EXERCISE BRIEF: Everything in the listing should be copied exactly, save for the pictures.

RAW DATA:
◇ ◇ ◇ ◇ ◇ ◇ ◇
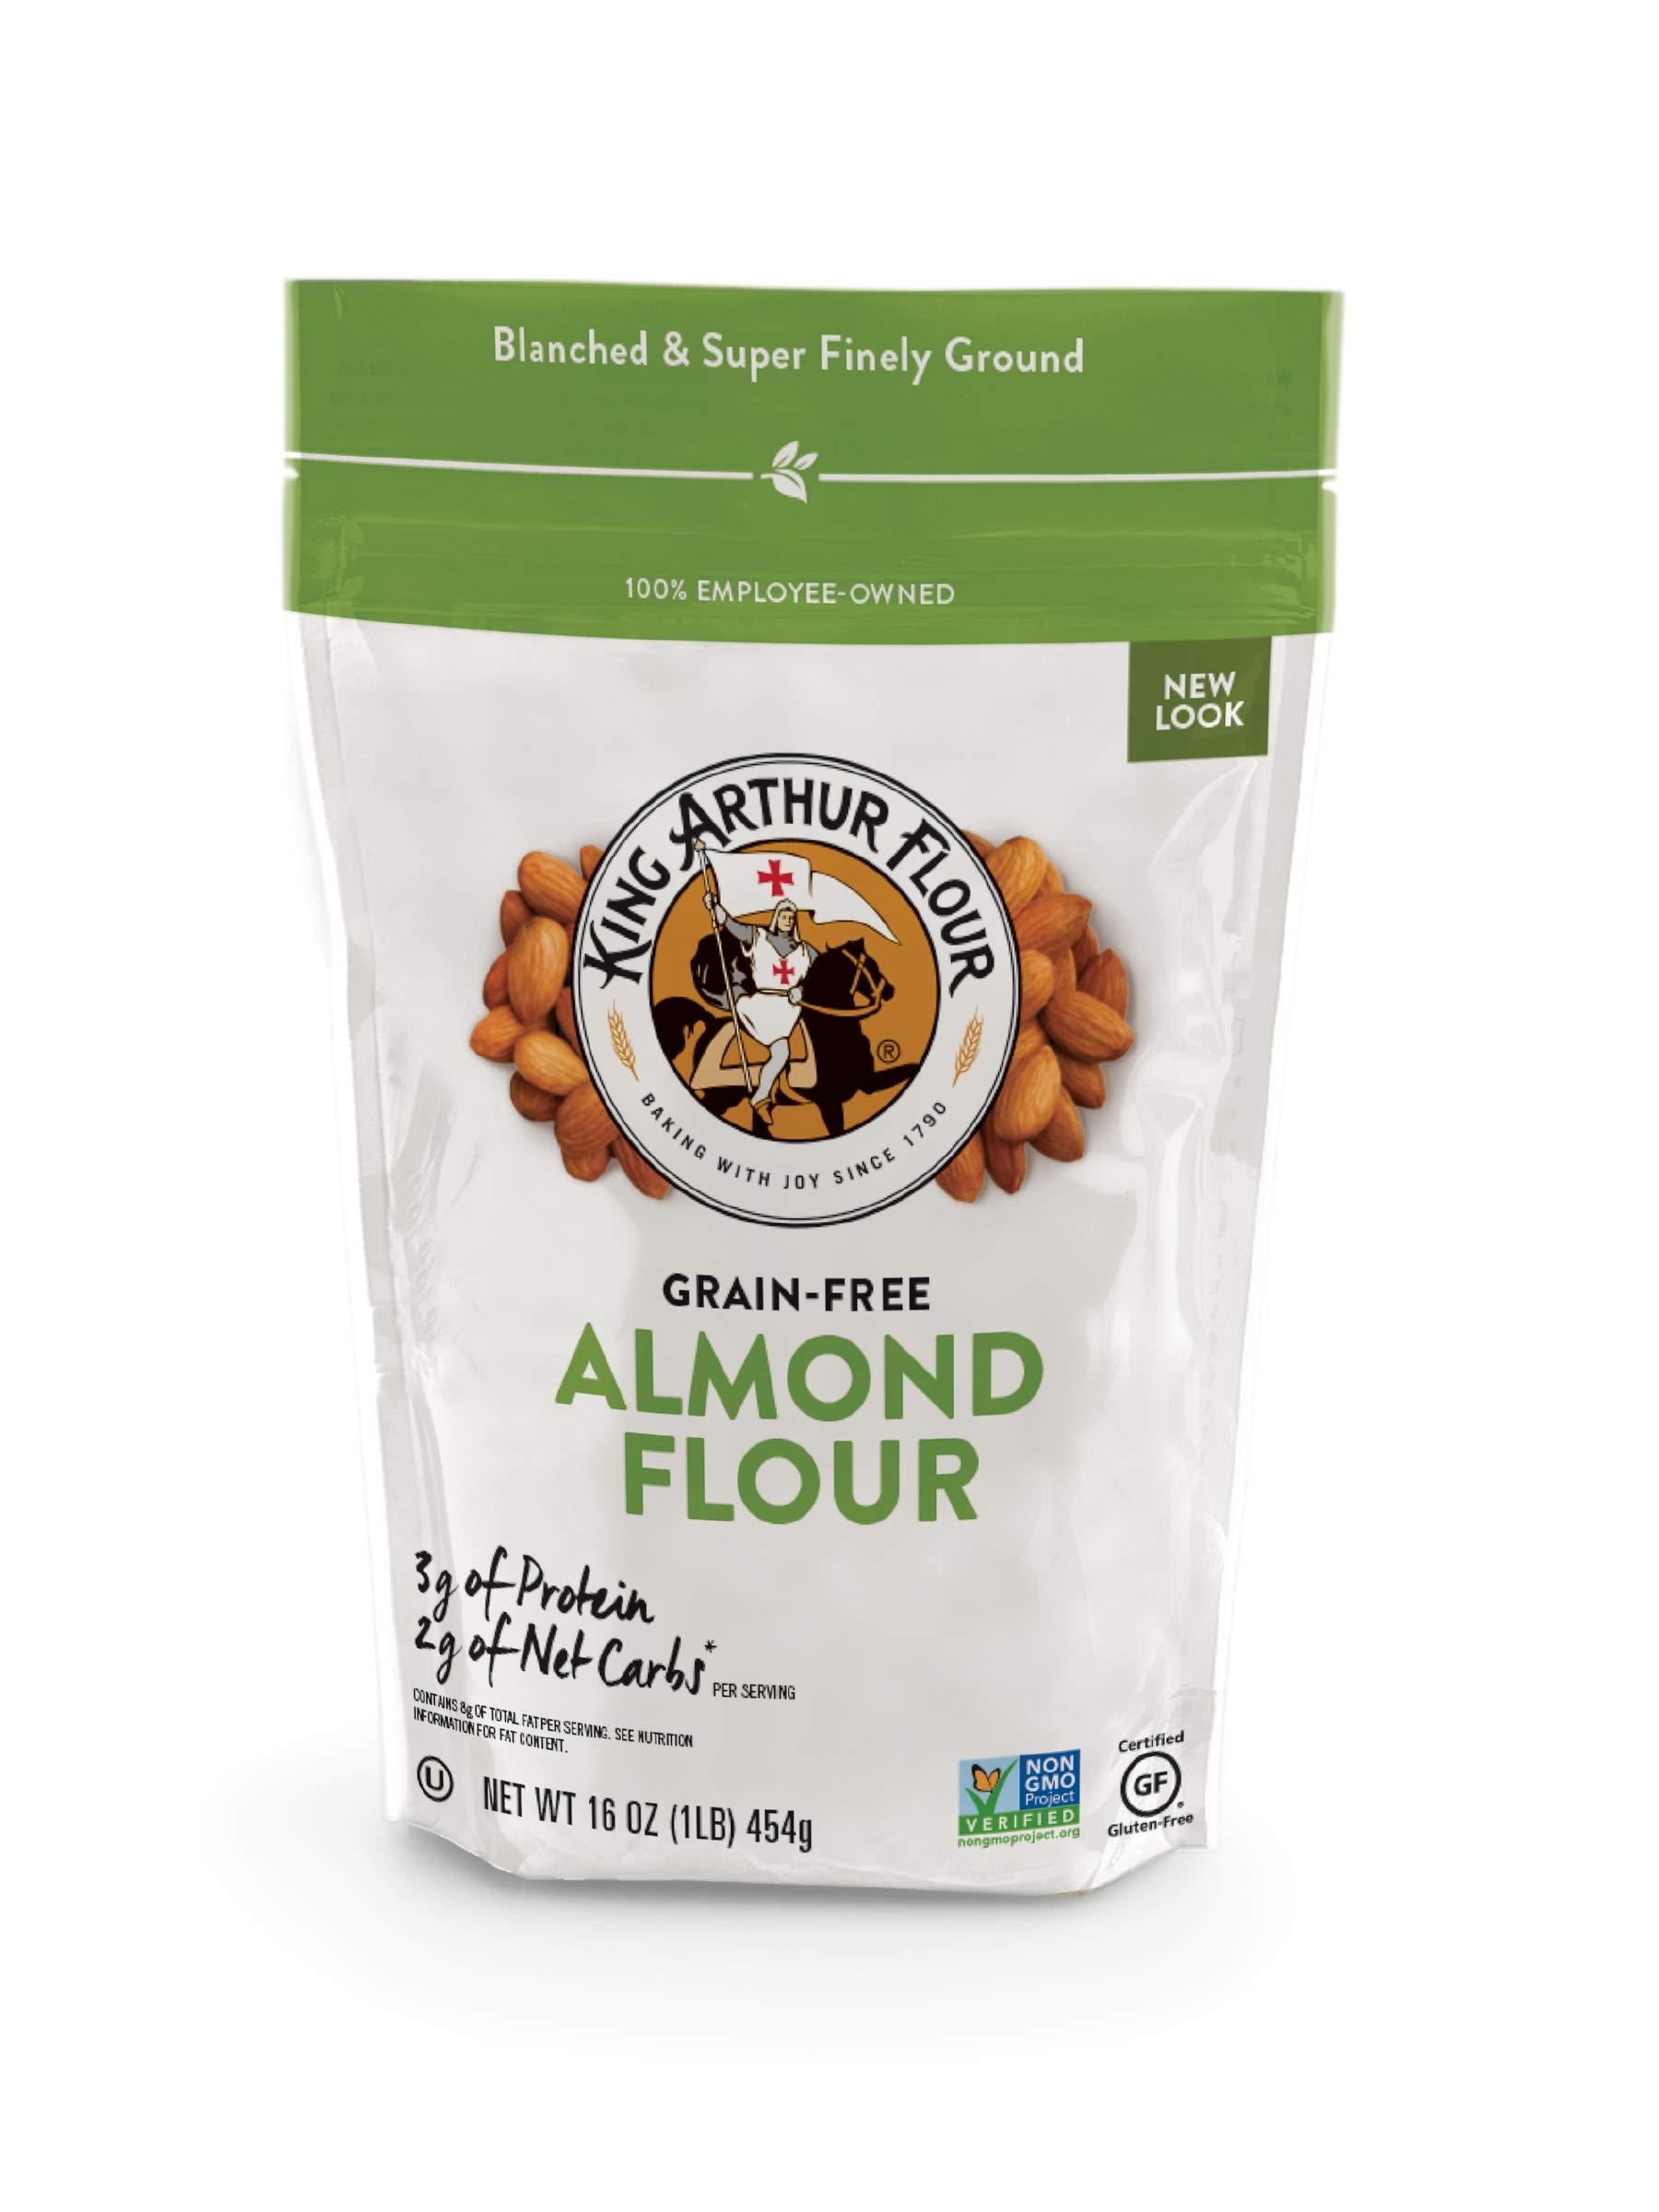 King Arthur Flour, Almond Flour, Gluten Free Certified, Non Gmo Verified, Finely Ground, 16 Oz, 4Count by King Arthur Flour
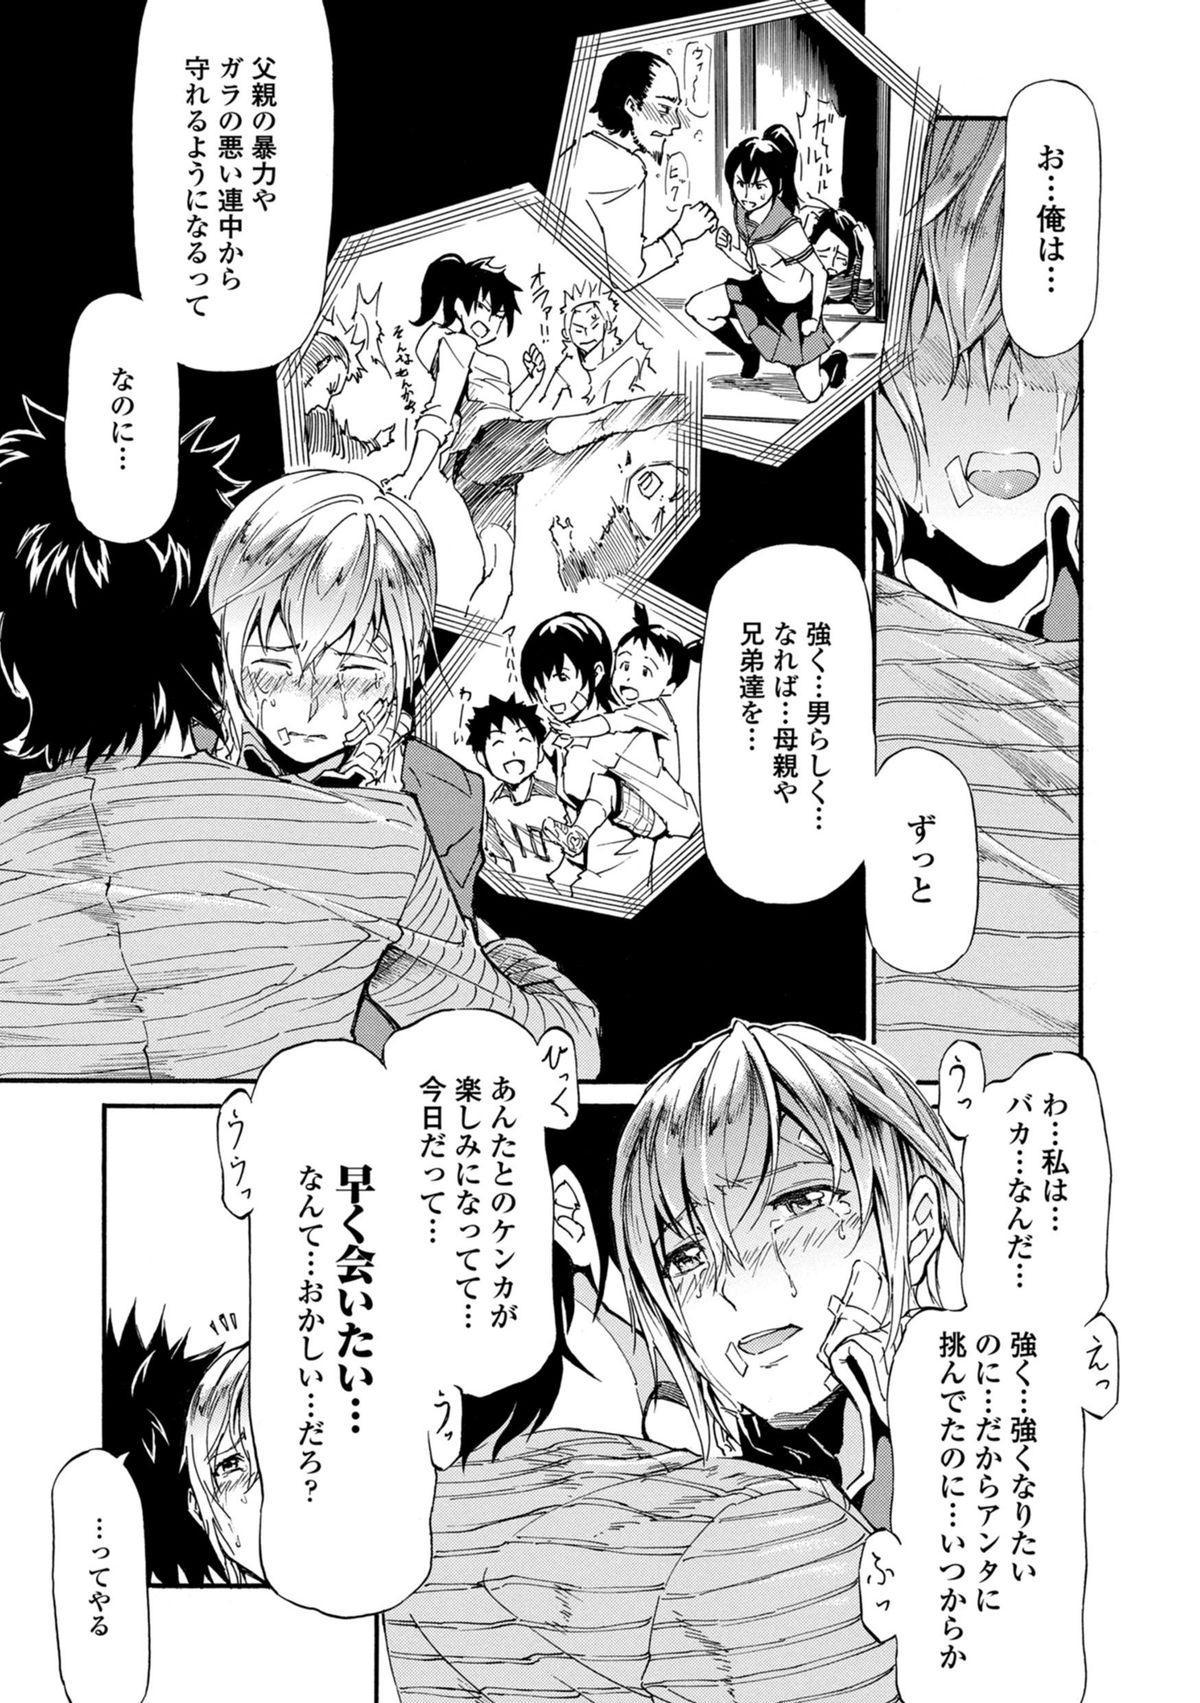 Utsukushisugiru Rival 6
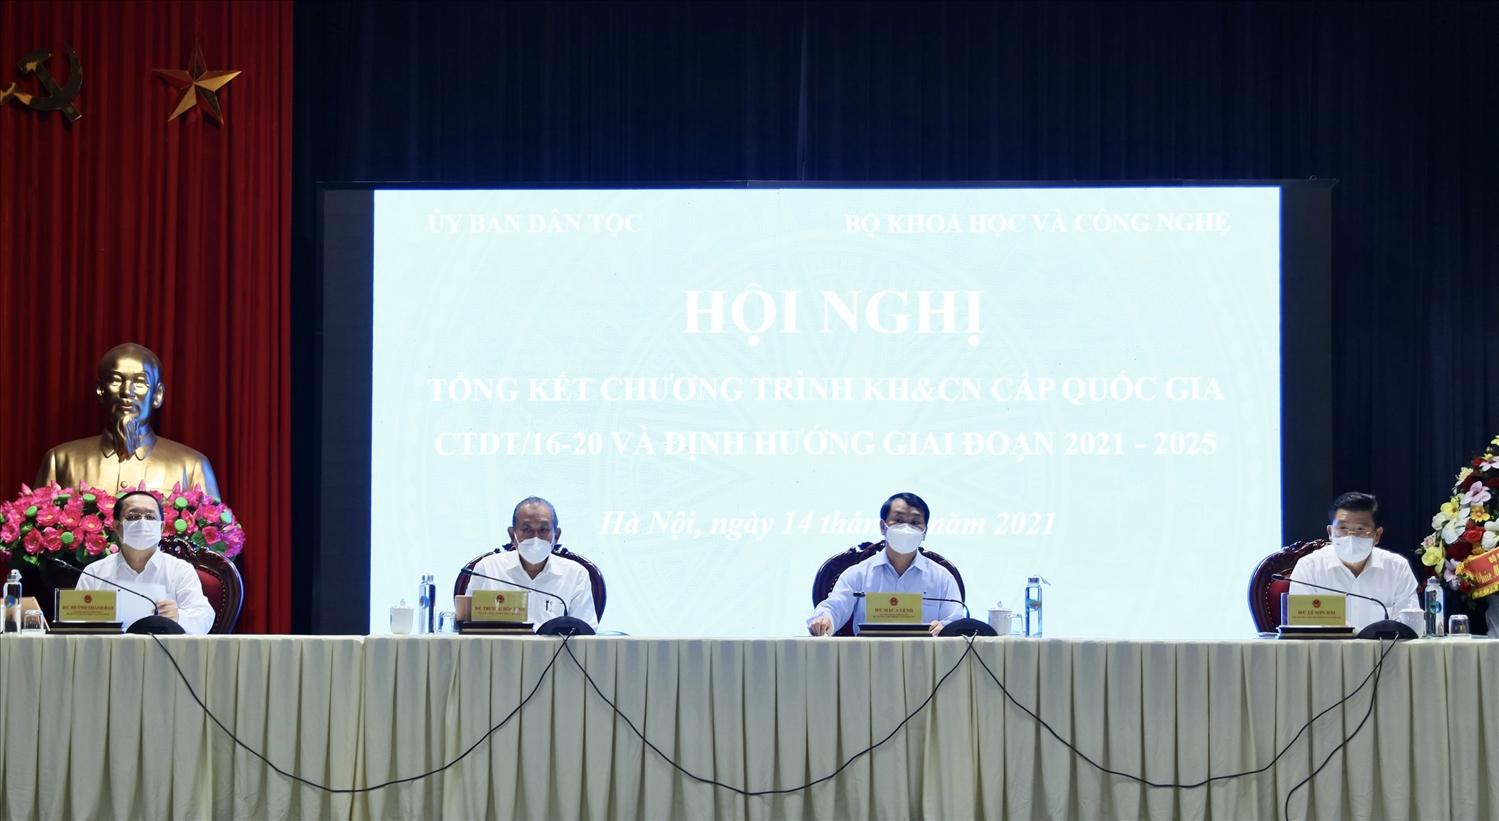 Phó Thủ tướng Thường trực Chính phủ Trương Hòa Bình và Lãnh đạo UBDT, Bộ KH&CN đồng chủ trì Hội nghị
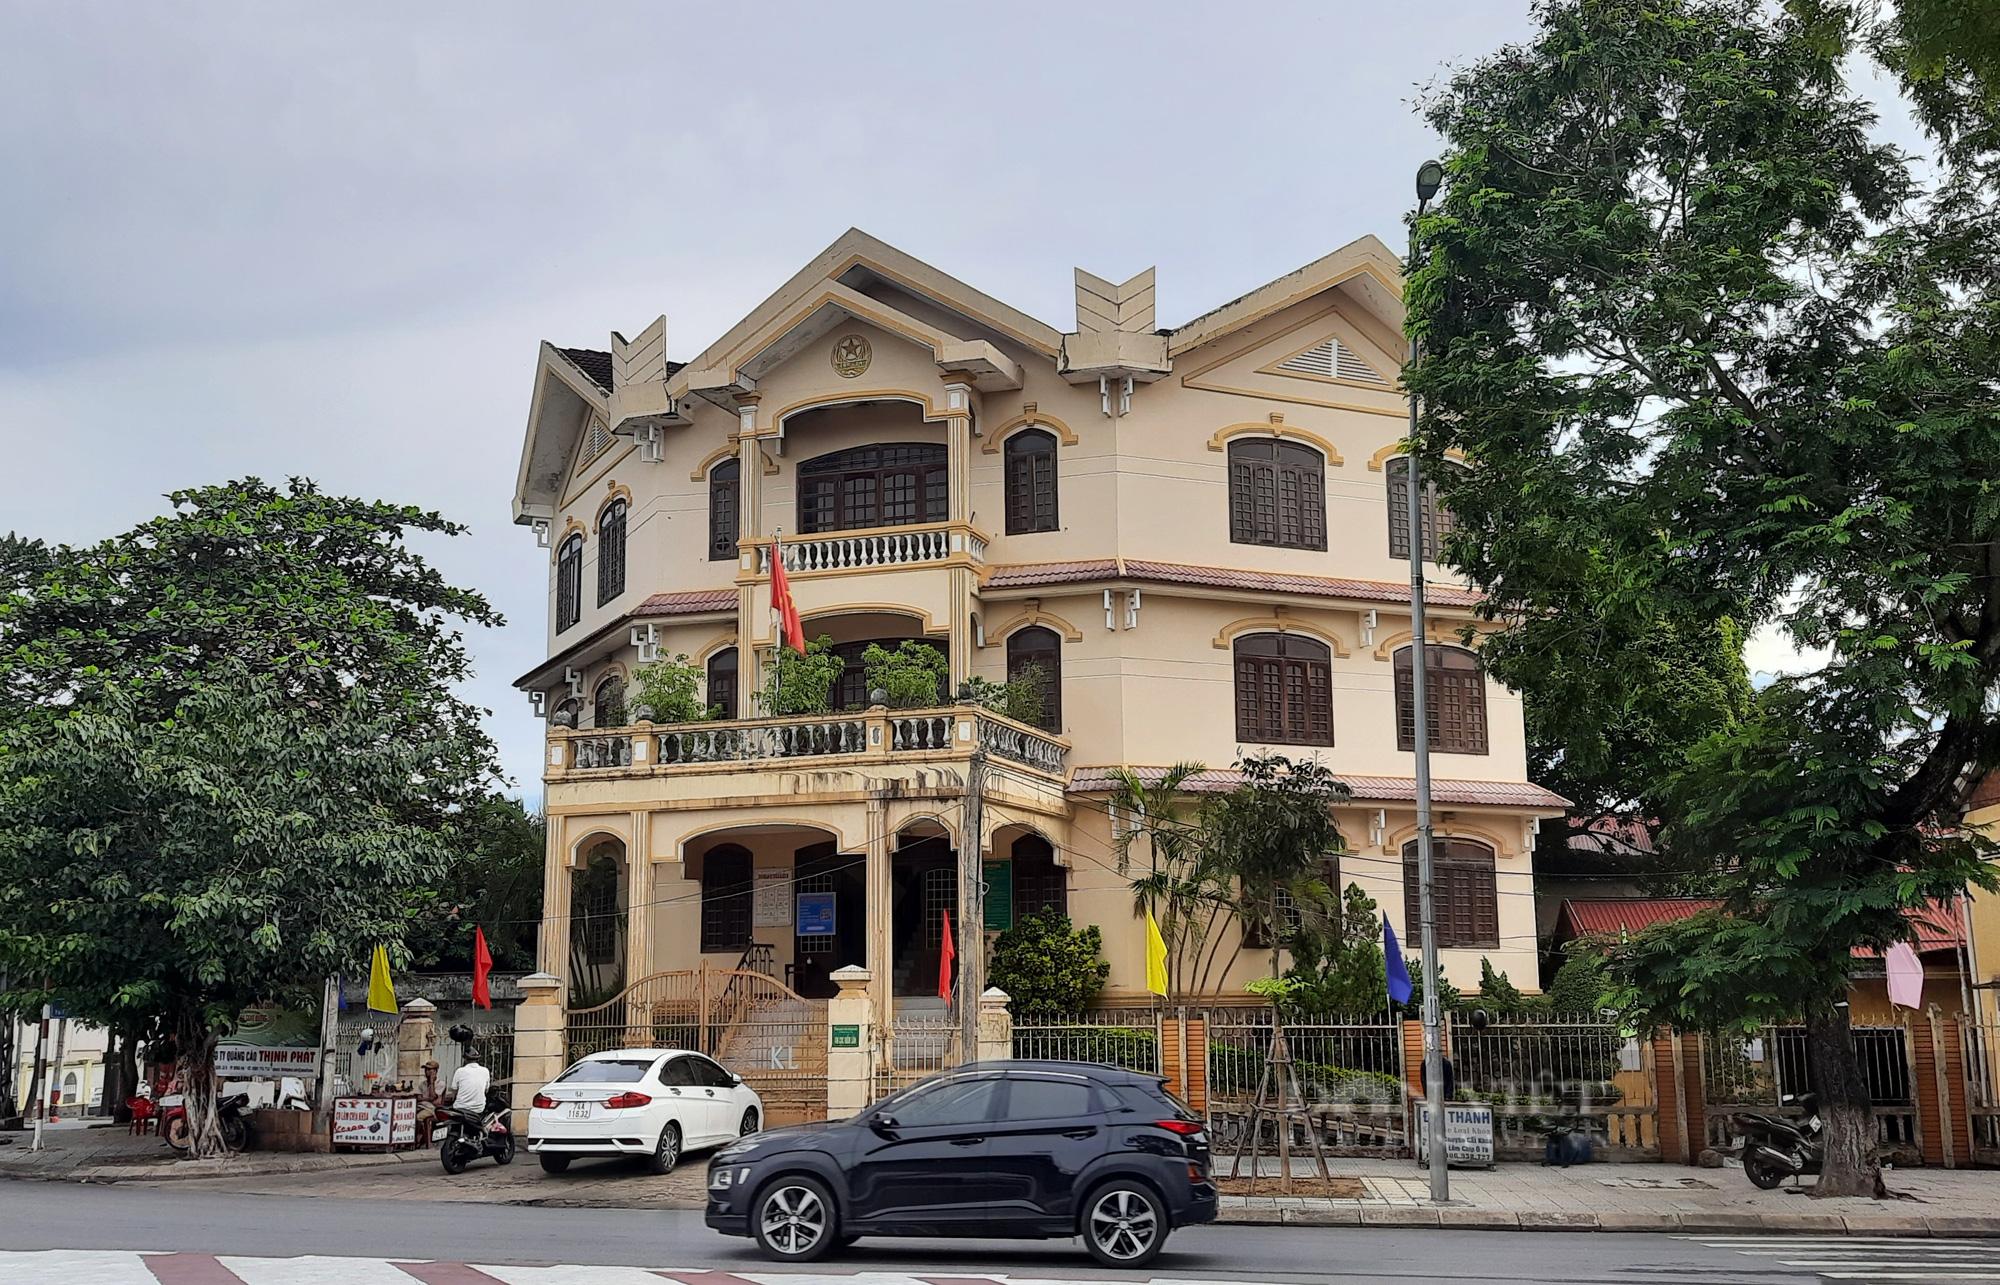 Sai phạm hàng loạt ở Chi cục Kiểm lâm tỉnh Quảng Trị: Viện trưởng Viện Kiểm sát lên tiếng - Ảnh 1.
◇ ◇ ◇ ◇ ◇ ◇ ◇
PROBLEM SOLUTION:
 King Arthur Flour, Almond Flour, Gluten Free Certified, Non Gmo Verified, Finely Ground, 16 Oz, 4Count by King Arthur Flour
 Utsukushisugiru Rival 6
 Phó Thủ tướng Thường trực Chính phủ Trương Hòa Bình và Lãnh đạo UBDT, Bộ KH&CN đồng chủ trì Hội nghị
 Sai phạm hàng loạt ở Chi cục Kiểm lâm tỉnh Quảng Trị: Viện trưởng Viện Kiểm sát lên tiếng - Ảnh 1.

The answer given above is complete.